DATA EXTRACT Start Marker
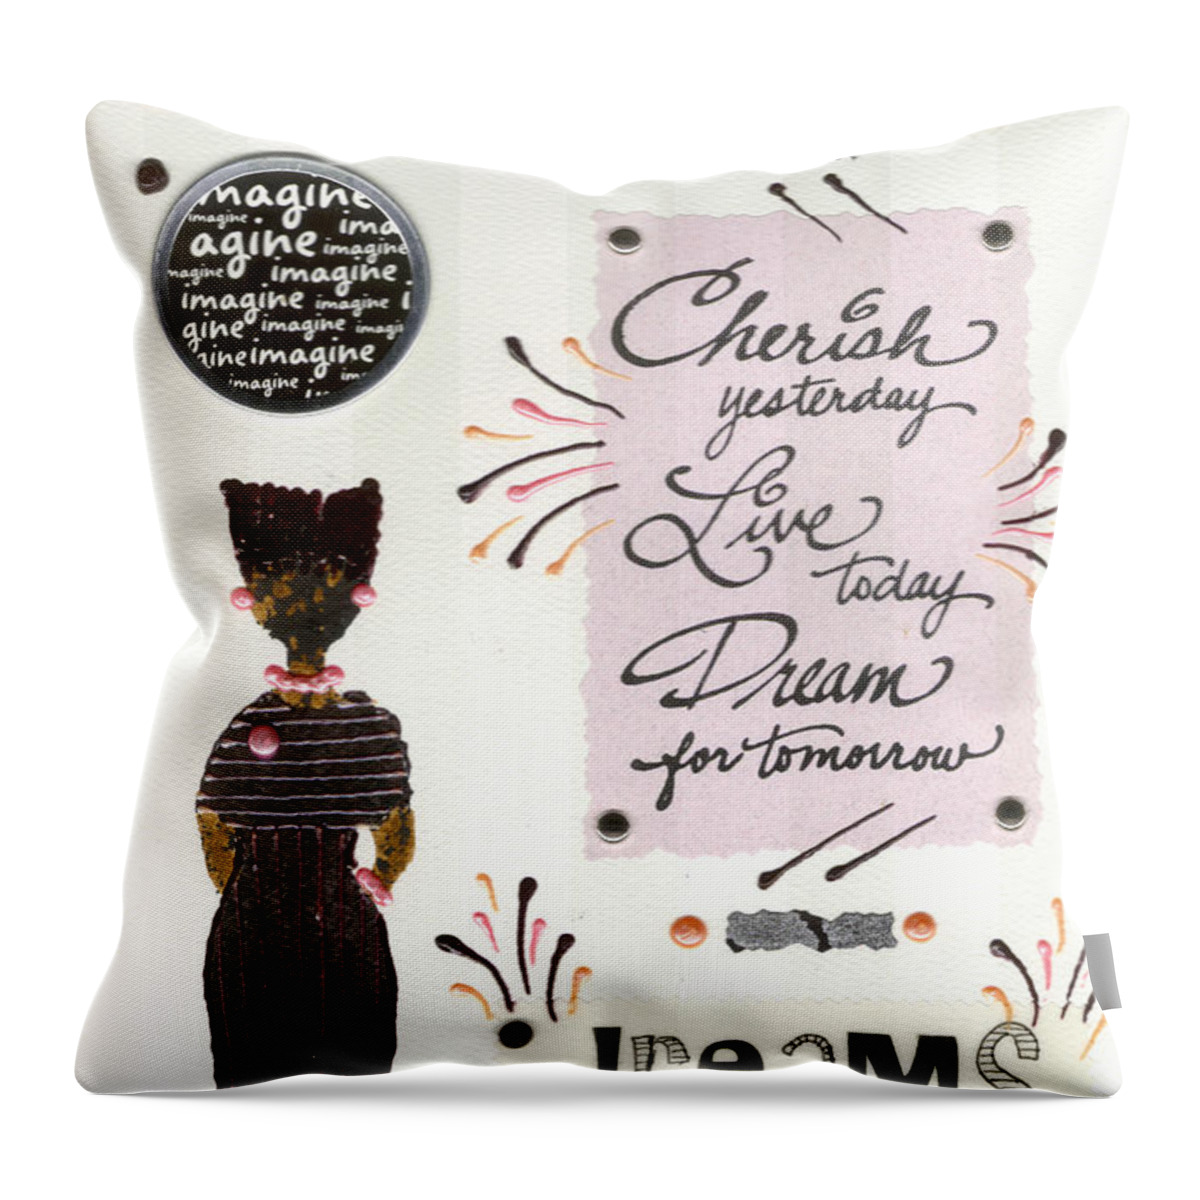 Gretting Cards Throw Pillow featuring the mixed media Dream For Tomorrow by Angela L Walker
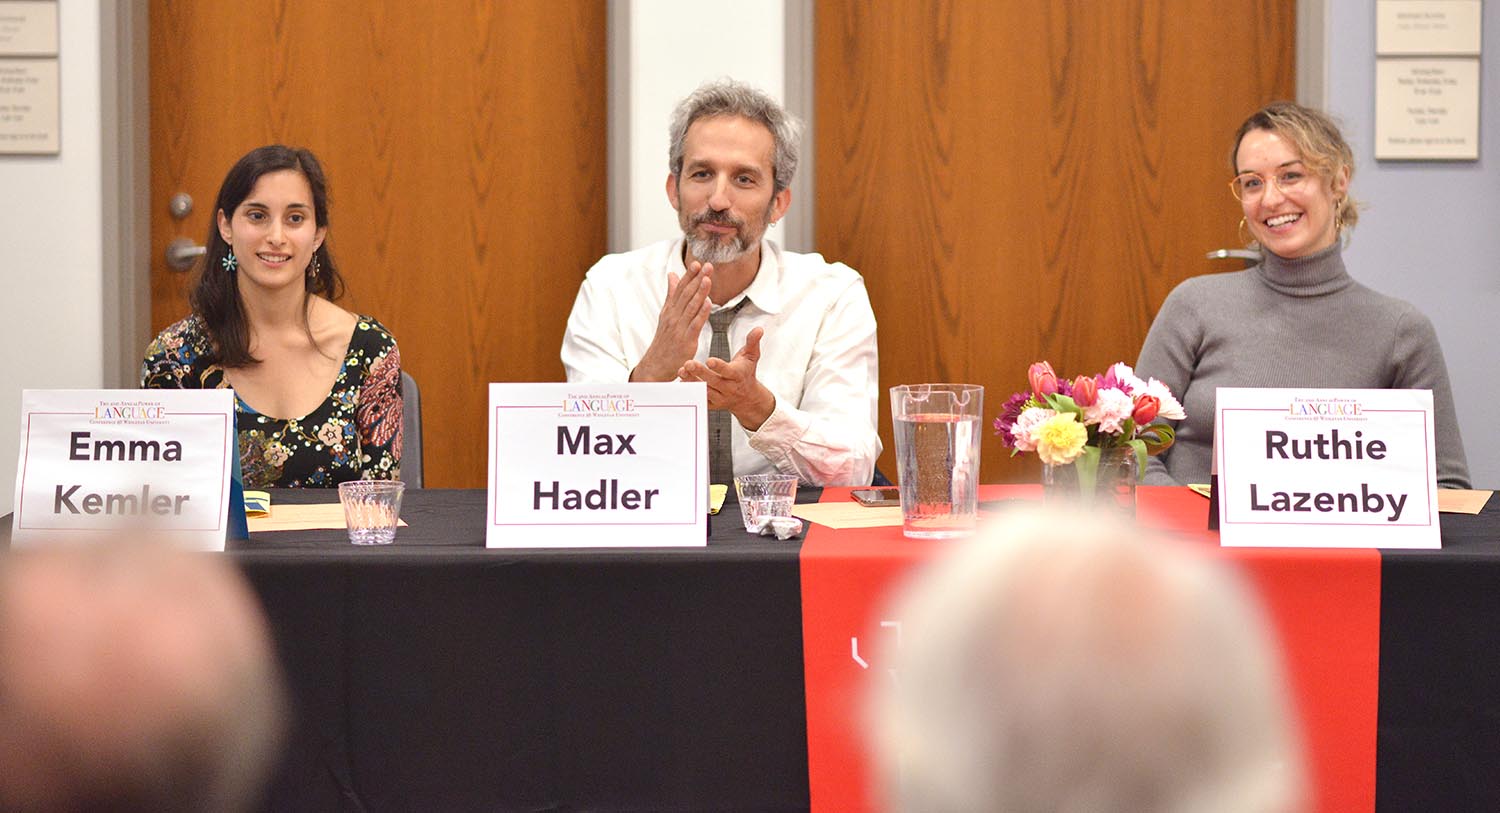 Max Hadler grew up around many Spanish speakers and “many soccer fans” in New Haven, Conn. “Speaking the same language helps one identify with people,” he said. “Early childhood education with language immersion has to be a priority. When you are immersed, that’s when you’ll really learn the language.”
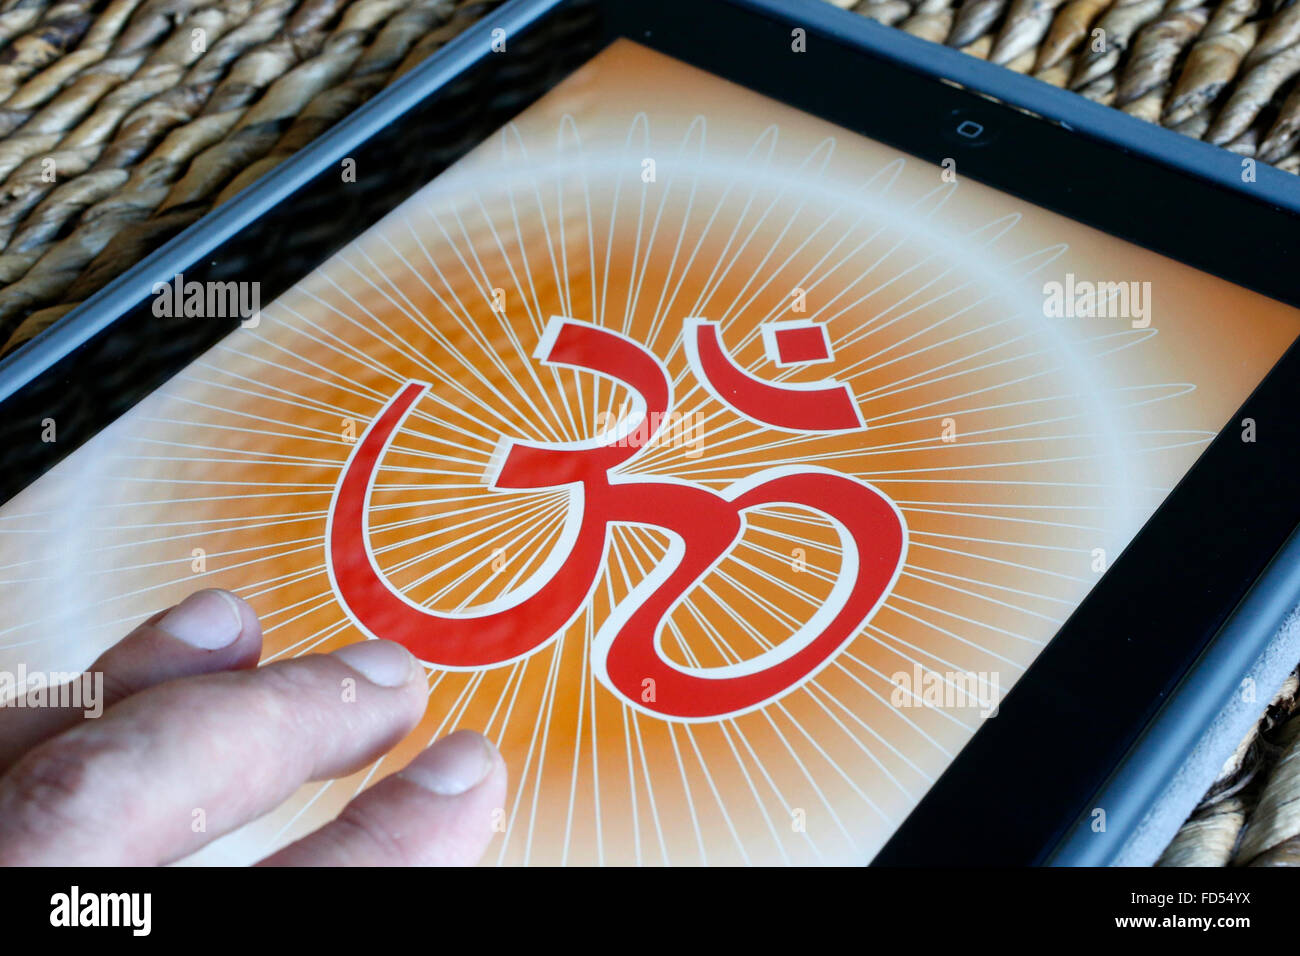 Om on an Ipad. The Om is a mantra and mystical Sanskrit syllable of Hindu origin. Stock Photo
DATA EXTRACT End Marker
EXERCISE :: Lines from the one holding "Max Hadler grew" to the end of the data, both ends included, are to be given again exactly; no pictures belong in the copy.

TASK SOLUTION ::
 Max Hadler grew up around many Spanish speakers and “many soccer fans” in New Haven, Conn. “Speaking the same language helps one identify with people,” he said. “Early childhood education with language immersion has to be a priority. When you are immersed, that’s when you’ll really learn the language.”
 Om on an Ipad. The Om is a mantra and mystical Sanskrit syllable of Hindu origin. Stock Photo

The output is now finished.